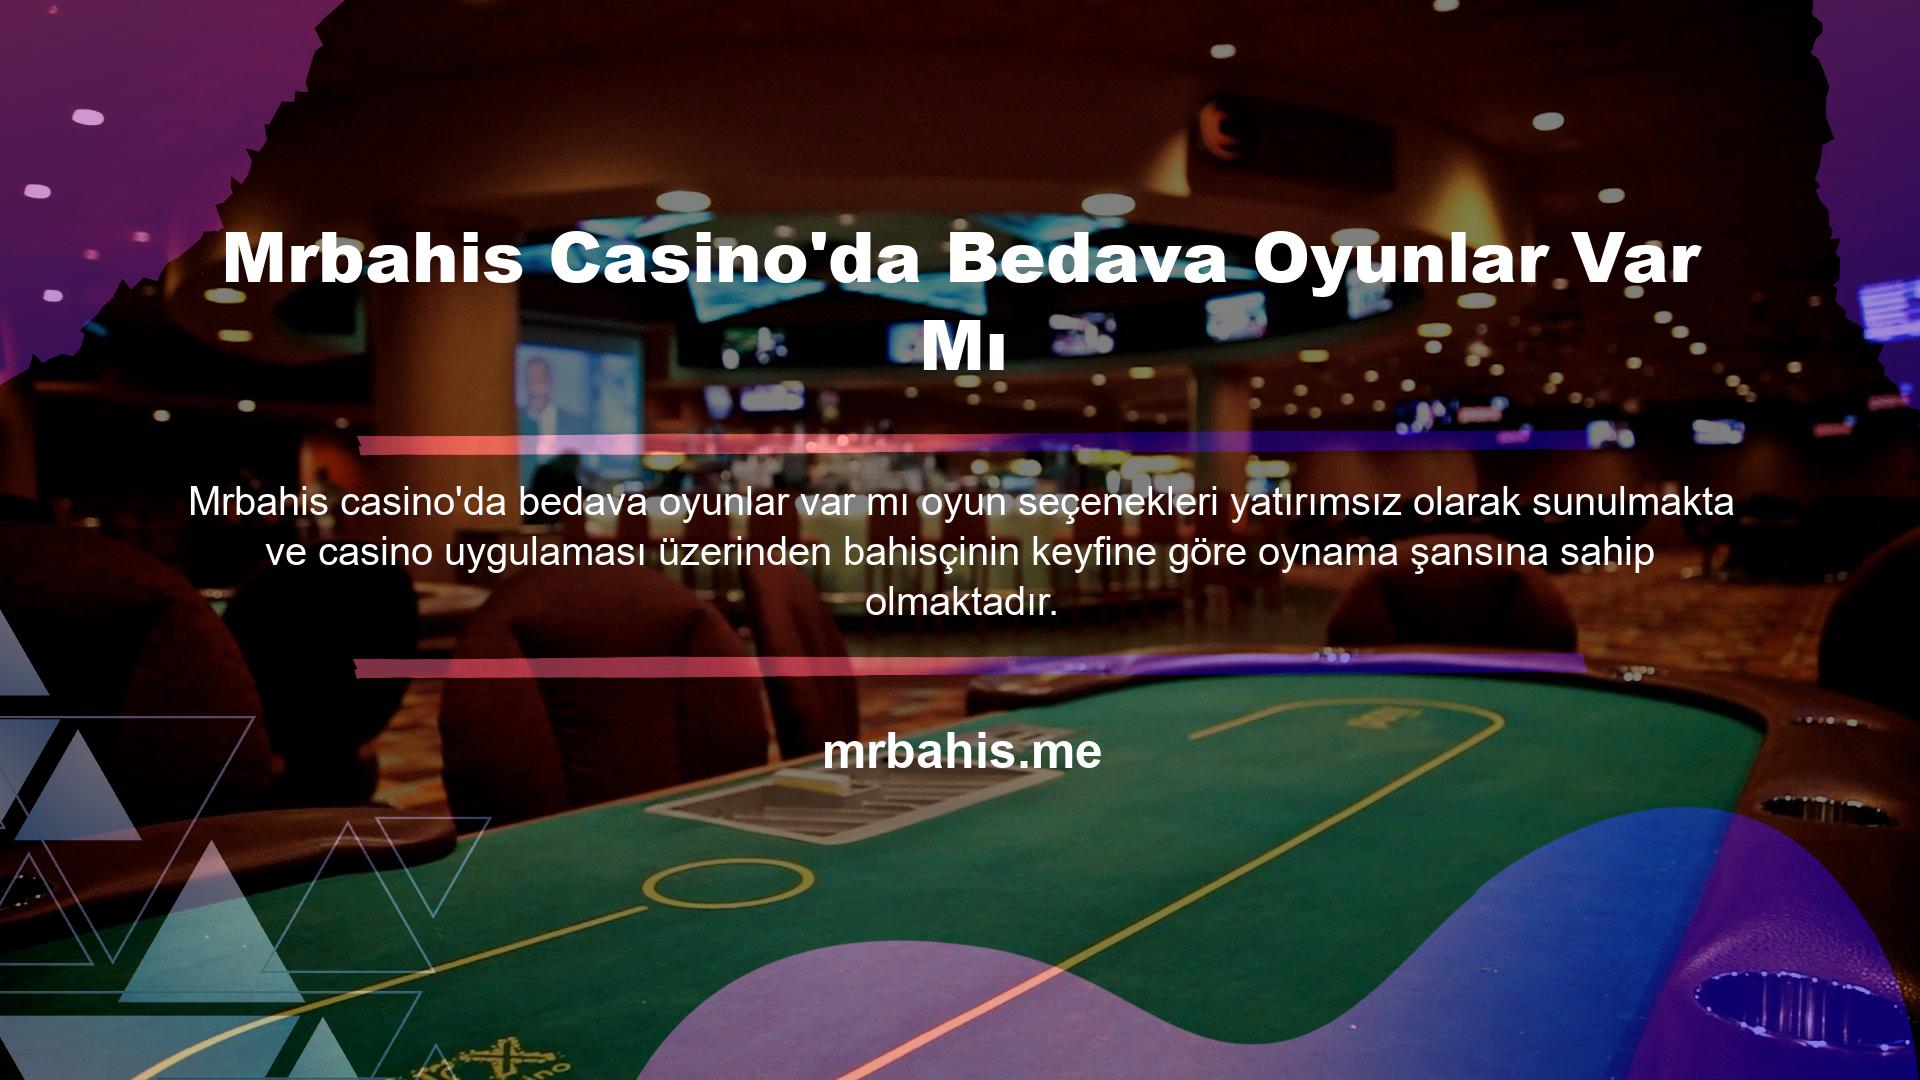 Ayrıca Mrbahis Casino bedava oyun sunuyor mu sorusunun cevabı evettir
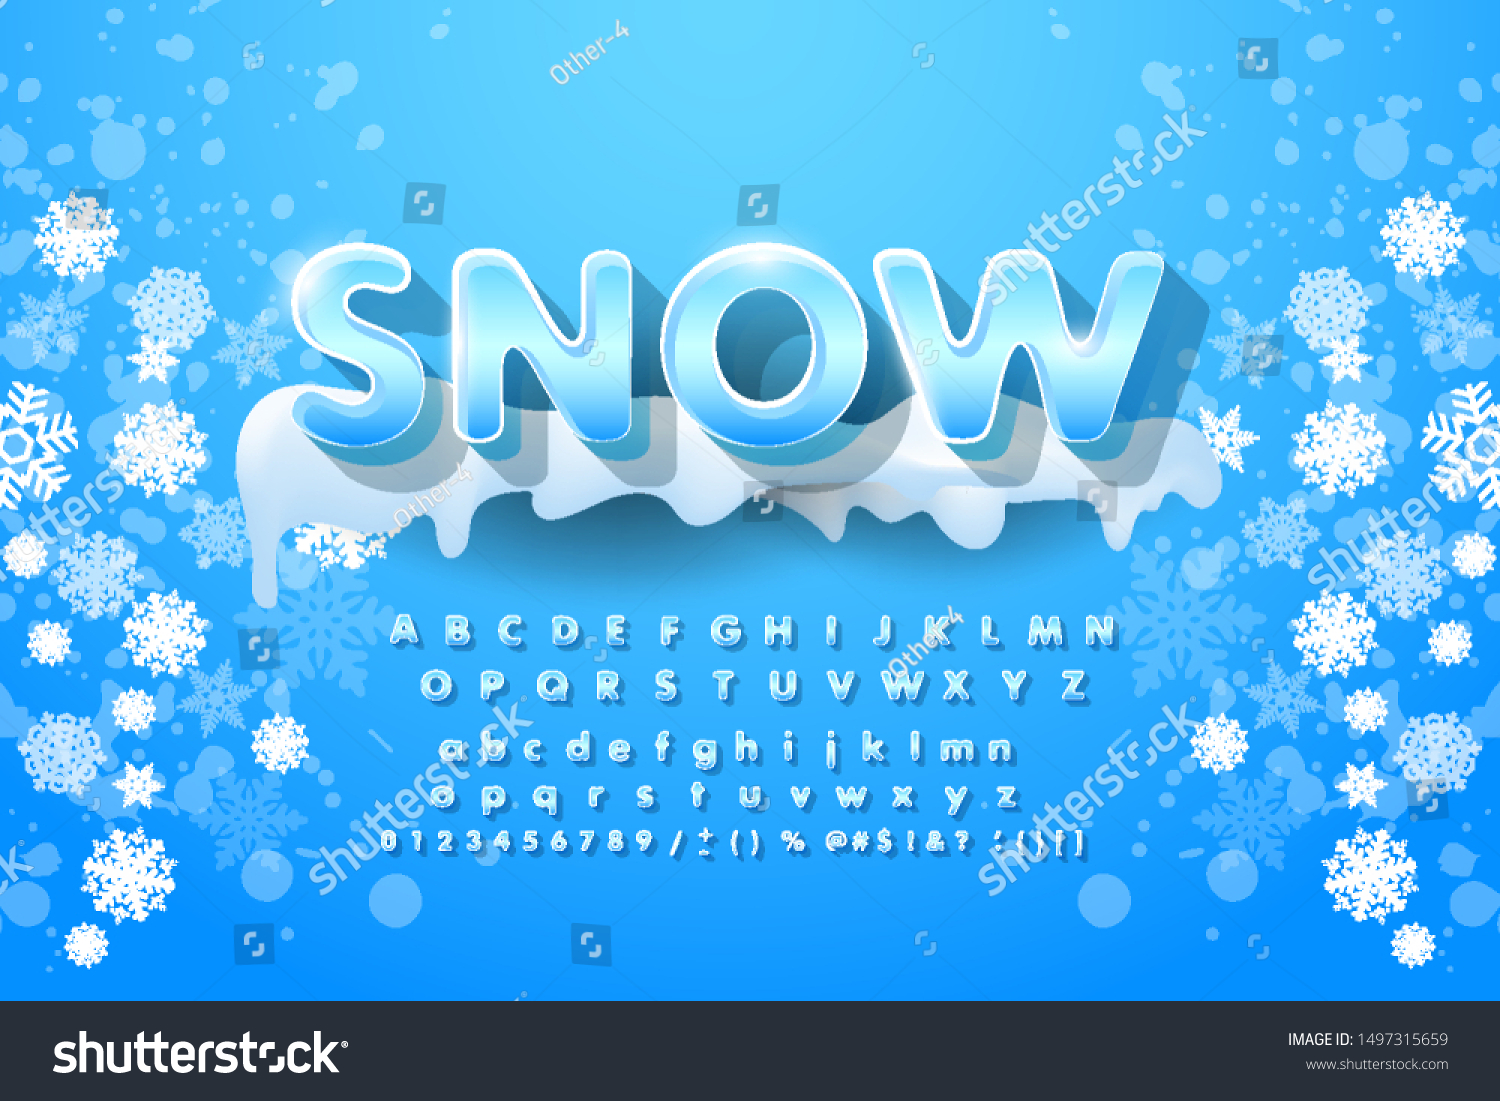 冬のベクター画像アルファベットと雪 文字abc 氷の寒いフォント 季節の霜のフォント タイポグラフィー またはタイプセット 冬のアルファベットのベクター イラスト のベクター画像素材 ロイヤリティフリー Shutterstock
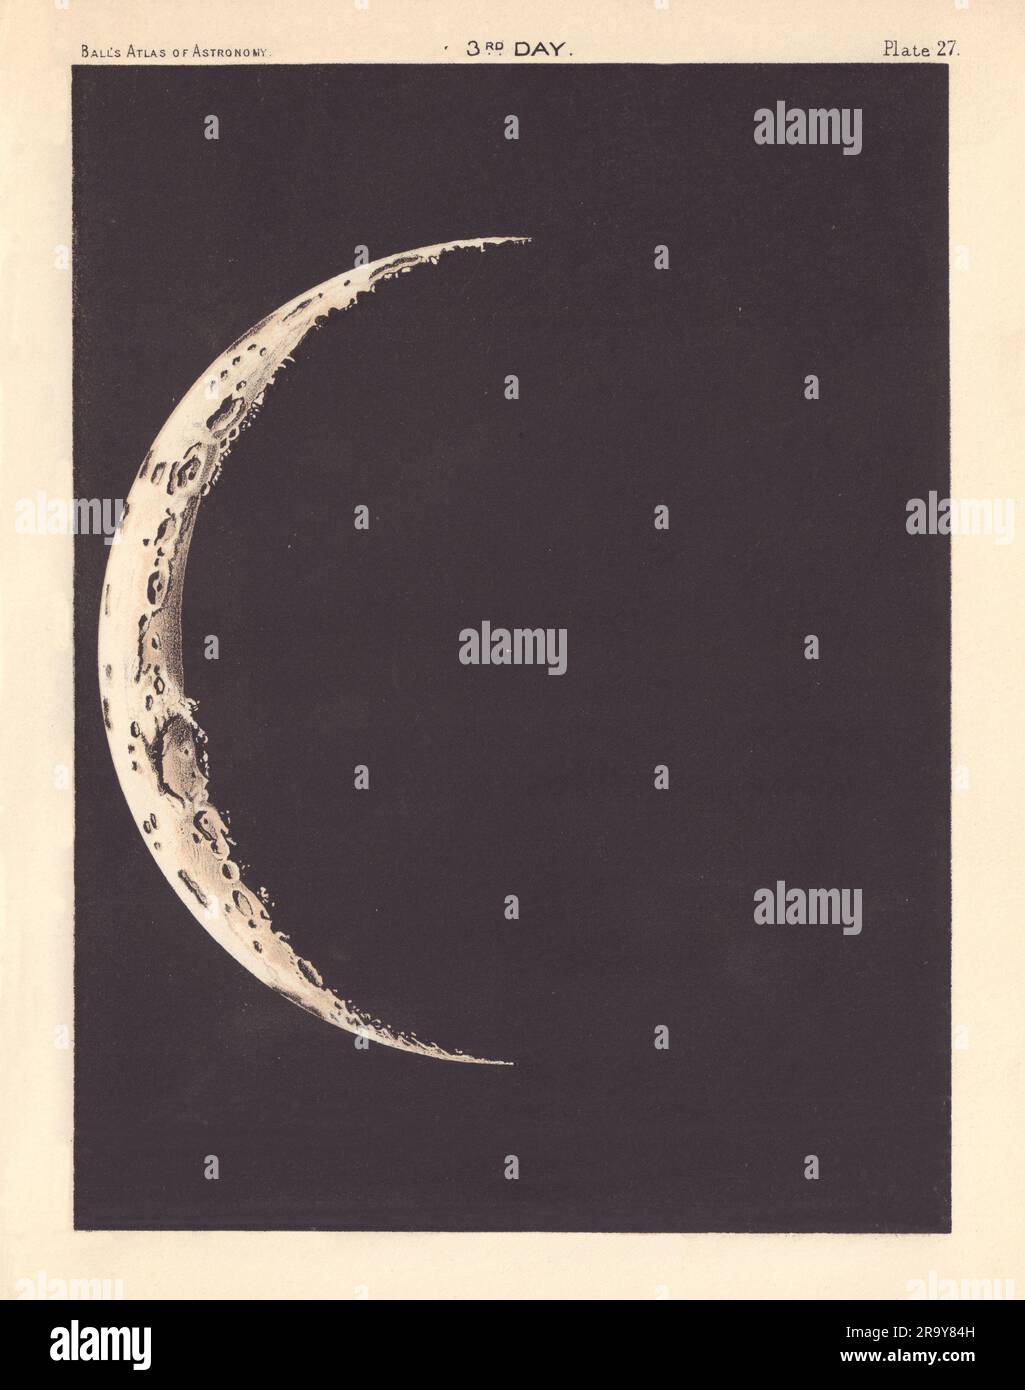 Phases of the Moon - 3. Day von Robert Ball. Astronomie 1892 alte antike Karte Stockfoto
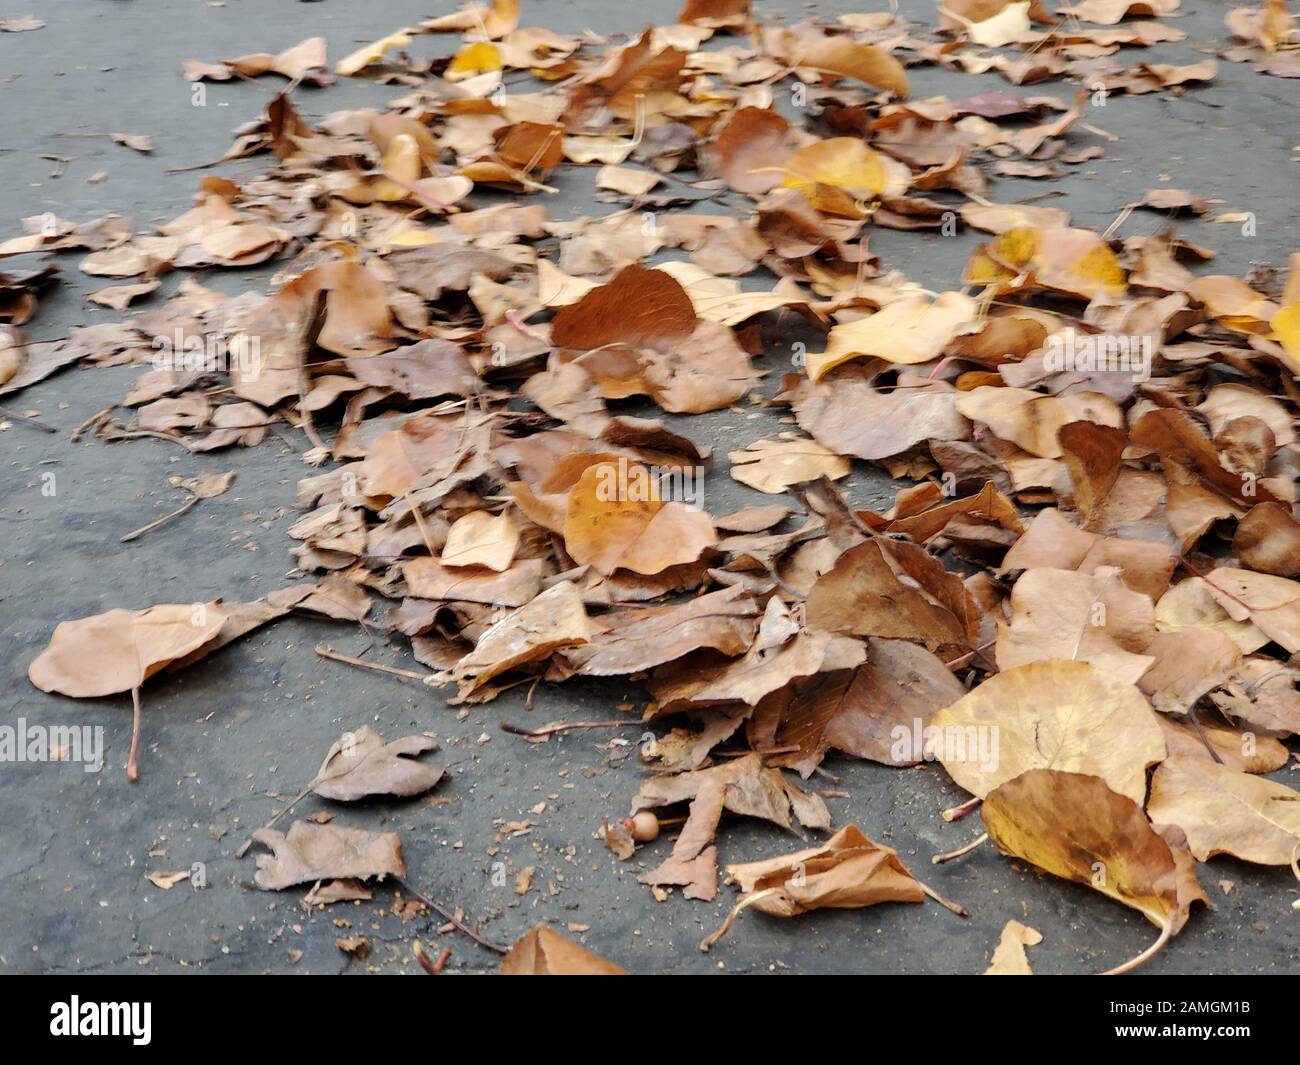 Primo piano di foglie bagnate sulla strada nella San Francisco Bay Area, San Ramon, California, 17 dicembre 2019. Gli incidenti automobilistici sono comuni all'inizio della stagione delle piogge nella regione, in quanto i rischi stradali aumentano con il tempo piovoso. () Foto Stock
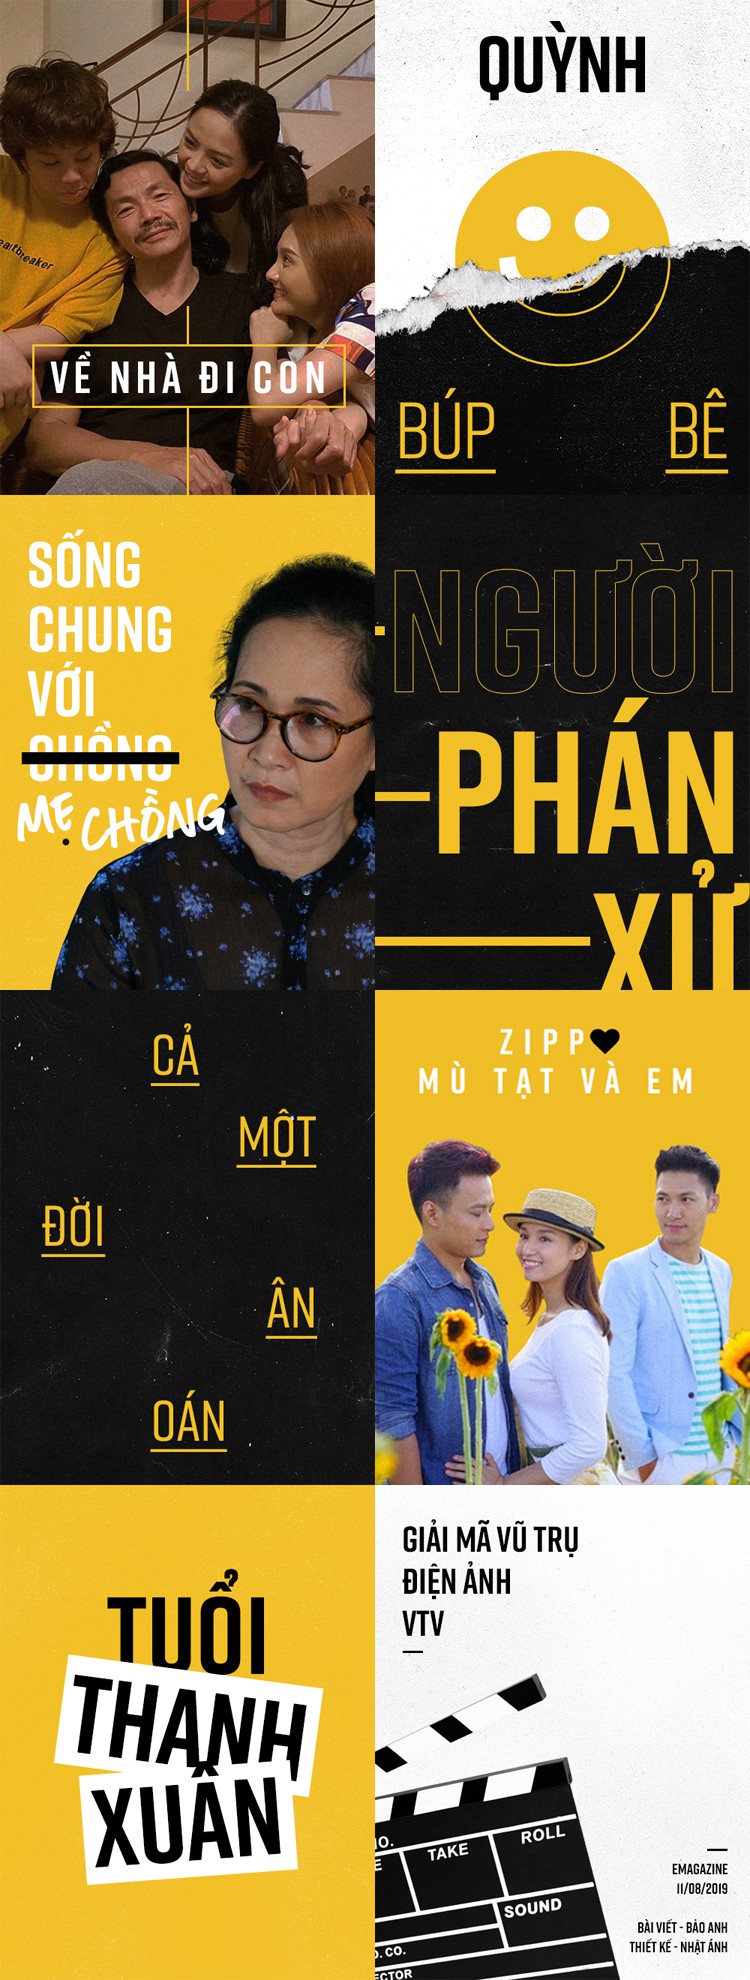 Phim truyền hình Việt: Các bộ phim truyền hình Việt thường có nội dung và cảnh quay đặc sắc, khai thác tình huống nhân văn, gia đình, giữa cộng đồng và cái tôi. Qua từng tập phim, khán giả có được những kinh nghiệm tuyệt vời. Hãy xem ảnh liên quan để trải nghiệm thêm về những bộ phim tuyệt vời này.

— Assignment —
Pictures are to be left out while the lines from the beginning of the records through the line with "Phases of the" are copied word for word.

— Output of the task —
 Ayrıca Mrbahis Casino bedava oyun sunuyor mu sorusunun cevabı evettir
 冬のベクター画像アルファベットと雪 文字abc 氷の寒いフォント 季節の霜のフォント タイポグラフィー またはタイプセット 冬のアルファベットのベクター イラスト のベクター画像素材 ロイヤリティフリー Shutterstock
 Phases of the Moon - 3. Day von Robert Ball. Astronomie 1892 alte antike Karte Stockfoto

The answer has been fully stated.